#### Data for this task:
--- START ---

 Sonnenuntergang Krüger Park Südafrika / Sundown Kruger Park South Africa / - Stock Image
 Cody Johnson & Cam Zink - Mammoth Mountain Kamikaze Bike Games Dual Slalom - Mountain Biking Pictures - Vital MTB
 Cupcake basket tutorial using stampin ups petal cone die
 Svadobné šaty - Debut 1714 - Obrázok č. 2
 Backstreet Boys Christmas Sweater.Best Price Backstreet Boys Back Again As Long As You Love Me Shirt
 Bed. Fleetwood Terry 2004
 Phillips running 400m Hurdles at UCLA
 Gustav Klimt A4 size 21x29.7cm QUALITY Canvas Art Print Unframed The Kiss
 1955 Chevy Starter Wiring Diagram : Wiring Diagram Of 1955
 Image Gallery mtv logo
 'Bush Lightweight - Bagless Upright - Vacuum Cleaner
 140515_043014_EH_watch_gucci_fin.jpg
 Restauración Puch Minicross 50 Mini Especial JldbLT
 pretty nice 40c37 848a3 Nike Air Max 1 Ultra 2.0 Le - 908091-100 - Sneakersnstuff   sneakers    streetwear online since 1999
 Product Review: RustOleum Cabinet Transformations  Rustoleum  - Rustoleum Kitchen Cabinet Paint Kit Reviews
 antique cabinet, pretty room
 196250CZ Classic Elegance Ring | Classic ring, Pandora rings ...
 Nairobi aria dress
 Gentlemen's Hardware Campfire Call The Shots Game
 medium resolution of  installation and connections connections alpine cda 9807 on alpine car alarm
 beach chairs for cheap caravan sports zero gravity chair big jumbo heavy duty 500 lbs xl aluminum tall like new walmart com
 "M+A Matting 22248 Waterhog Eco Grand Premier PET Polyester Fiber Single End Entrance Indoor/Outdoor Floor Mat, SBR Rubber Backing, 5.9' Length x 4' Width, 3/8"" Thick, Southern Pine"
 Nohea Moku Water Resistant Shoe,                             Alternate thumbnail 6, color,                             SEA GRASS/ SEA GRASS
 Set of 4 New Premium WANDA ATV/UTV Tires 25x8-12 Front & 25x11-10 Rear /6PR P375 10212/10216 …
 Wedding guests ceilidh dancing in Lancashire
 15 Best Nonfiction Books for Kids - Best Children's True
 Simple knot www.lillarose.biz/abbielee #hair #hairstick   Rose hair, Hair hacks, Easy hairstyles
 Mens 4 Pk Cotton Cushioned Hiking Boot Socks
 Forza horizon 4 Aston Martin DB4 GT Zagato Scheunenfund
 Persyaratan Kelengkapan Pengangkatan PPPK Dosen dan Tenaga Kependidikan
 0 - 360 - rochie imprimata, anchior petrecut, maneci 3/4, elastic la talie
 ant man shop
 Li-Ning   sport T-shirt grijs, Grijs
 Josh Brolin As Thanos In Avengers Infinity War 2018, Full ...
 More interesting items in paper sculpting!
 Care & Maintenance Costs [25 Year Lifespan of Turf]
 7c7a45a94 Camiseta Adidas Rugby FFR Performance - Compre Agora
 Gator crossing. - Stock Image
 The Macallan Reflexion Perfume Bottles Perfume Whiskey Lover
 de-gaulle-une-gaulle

--- END ---

Would you print exactly, and only, the lines of the data above from the line with "Svadobné šaty - Debut 1714 - Obrázok č. 2" through the line with "Gentlemen's Hardware Campfire", inclusive?

#### Output of the exercise:
 Svadobné šaty - Debut 1714 - Obrázok č. 2
 Backstreet Boys Christmas Sweater.Best Price Backstreet Boys Back Again As Long As You Love Me Shirt
 Bed. Fleetwood Terry 2004
 Phillips running 400m Hurdles at UCLA
 Gustav Klimt A4 size 21x29.7cm QUALITY Canvas Art Print Unframed The Kiss
 1955 Chevy Starter Wiring Diagram : Wiring Diagram Of 1955
 Image Gallery mtv logo
 'Bush Lightweight - Bagless Upright - Vacuum Cleaner
 140515_043014_EH_watch_gucci_fin.jpg
 Restauración Puch Minicross 50 Mini Especial JldbLT
 pretty nice 40c37 848a3 Nike Air Max 1 Ultra 2.0 Le - 908091-100 - Sneakersnstuff   sneakers    streetwear online since 1999
 Product Review: RustOleum Cabinet Transformations  Rustoleum  - Rustoleum Kitchen Cabinet Paint Kit Reviews
 antique cabinet, pretty room
 196250CZ Classic Elegance Ring | Classic ring, Pandora rings ...
 Nairobi aria dress
 Gentlemen's Hardware Campfire Call The Shots Game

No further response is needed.